Among the 1218 validation study patients, AUC for PCPThg model and the expanded PCPThg score plus PCA3 model are 0.707 and 0.752. By incorporating PCA3 score in the PCPThg model, the AUC increases to 0.767 in direct regression. However, the constrained methods do not further increase the AUC. All the new methods except for the transformation approach give predicted probabilities that are on average too high, suggesting they are not well calibrated. For calibration, as measured by the Brier score, the original PCPT calculator performs better than direct regression and of the new methods only the transformation approach gives an improved Brier score. In Figure 1 we can see that the expanded PCPThg model incorporating PCA3 tends to overestimate the risk of getting high-grade PCa among those patients with high risk. However, the overall calibration ability of the expanded PCPThg model estimated by the transformation approach still outperforms that of the original PCPThg model, the expanded PCPThg score plus PCA3 model or the expanded PCPThg model estimated by direct regression.

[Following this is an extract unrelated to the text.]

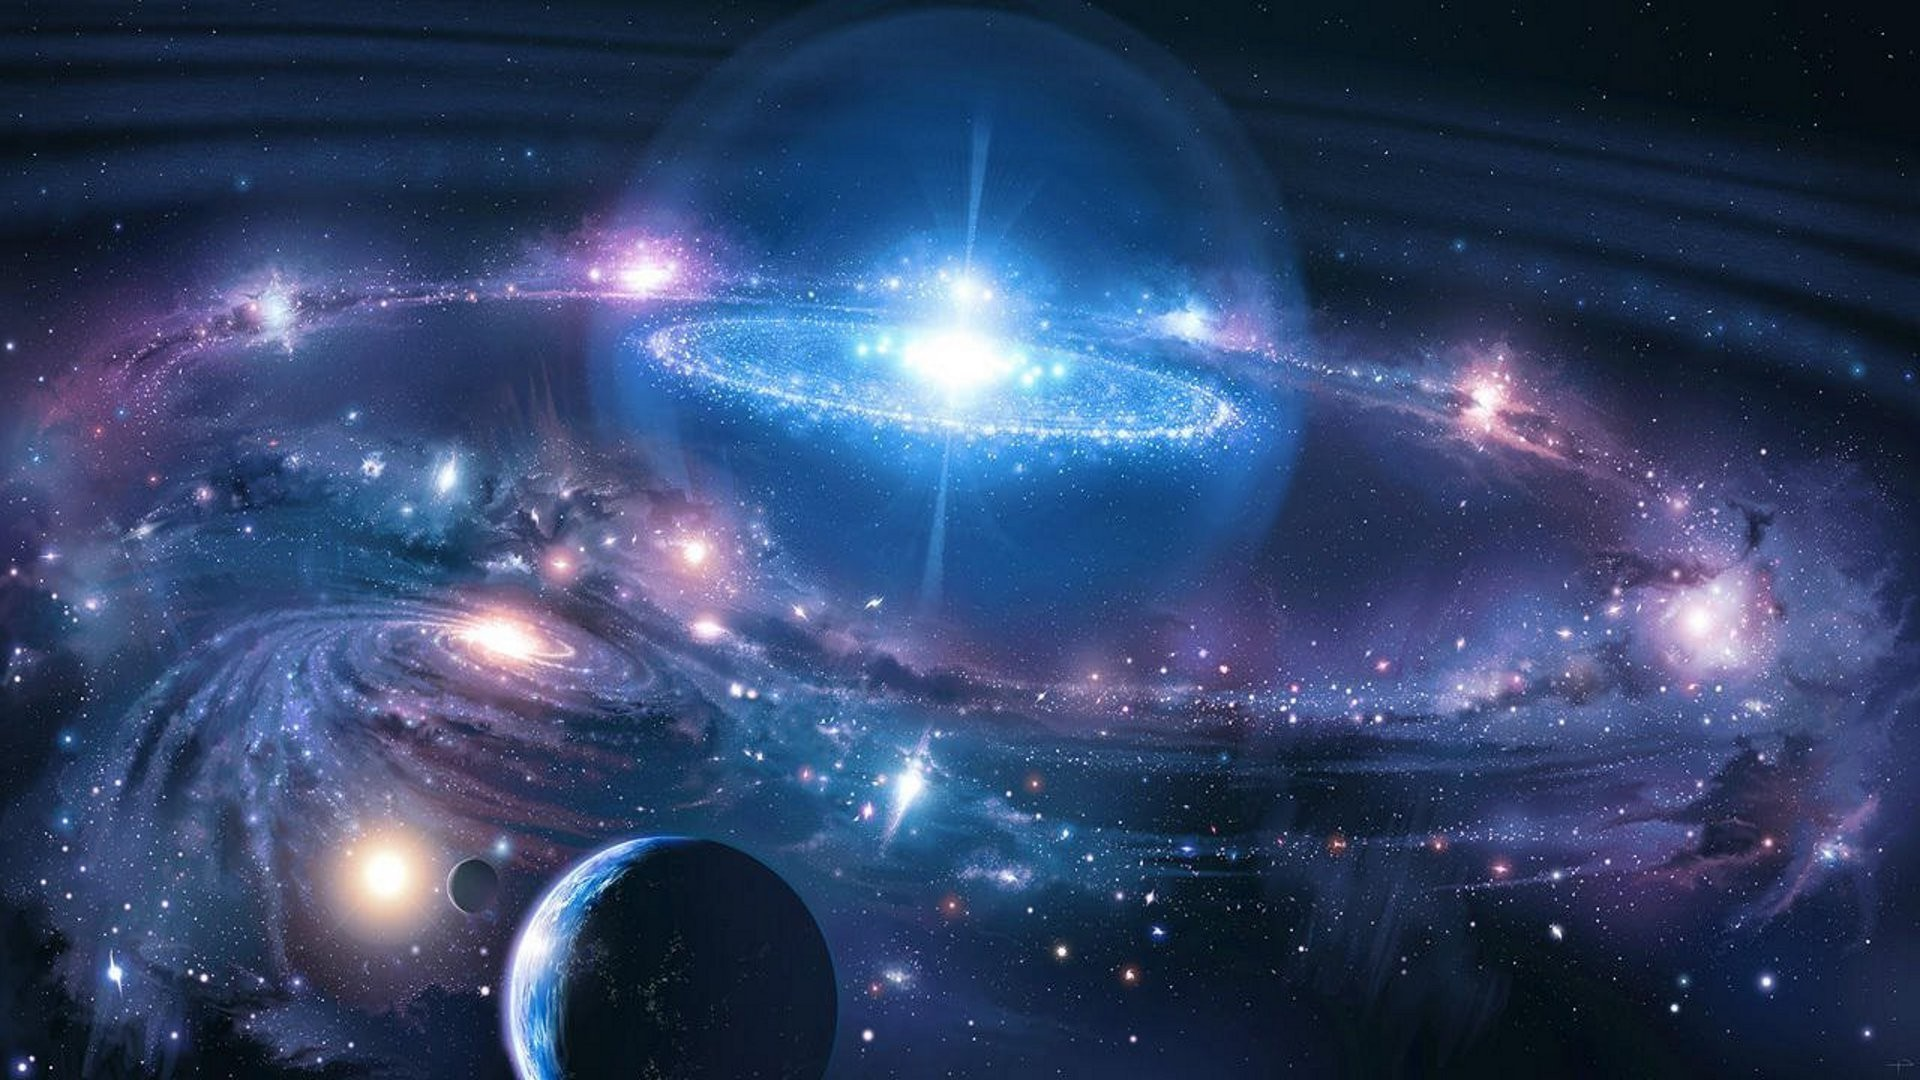 Sparkling blue universe wallpaper 5222 1920x1080

Fig.1. — Calibration plot of the original high-grade Prostate Cancer Prevention Trial risk calculator (PCPThg) and calibration plots of the expanded PCPThg model by incorporating PCA3 score and dichotomized T2:ERG

The expanded PCPThg model incorporating binary T2:ERG fitted to the training dataset again shows that the constrained methods can reduce the standard errors of regression coefficients compared to direct regression. In Figure 1 we can see that the expanded PCPThg model incorporating binary T2:ERG tends to overestimate the risk of getting high-grade cancer among those patients with high risk. However, the transformation approach predicts the risk well for the high risk groups.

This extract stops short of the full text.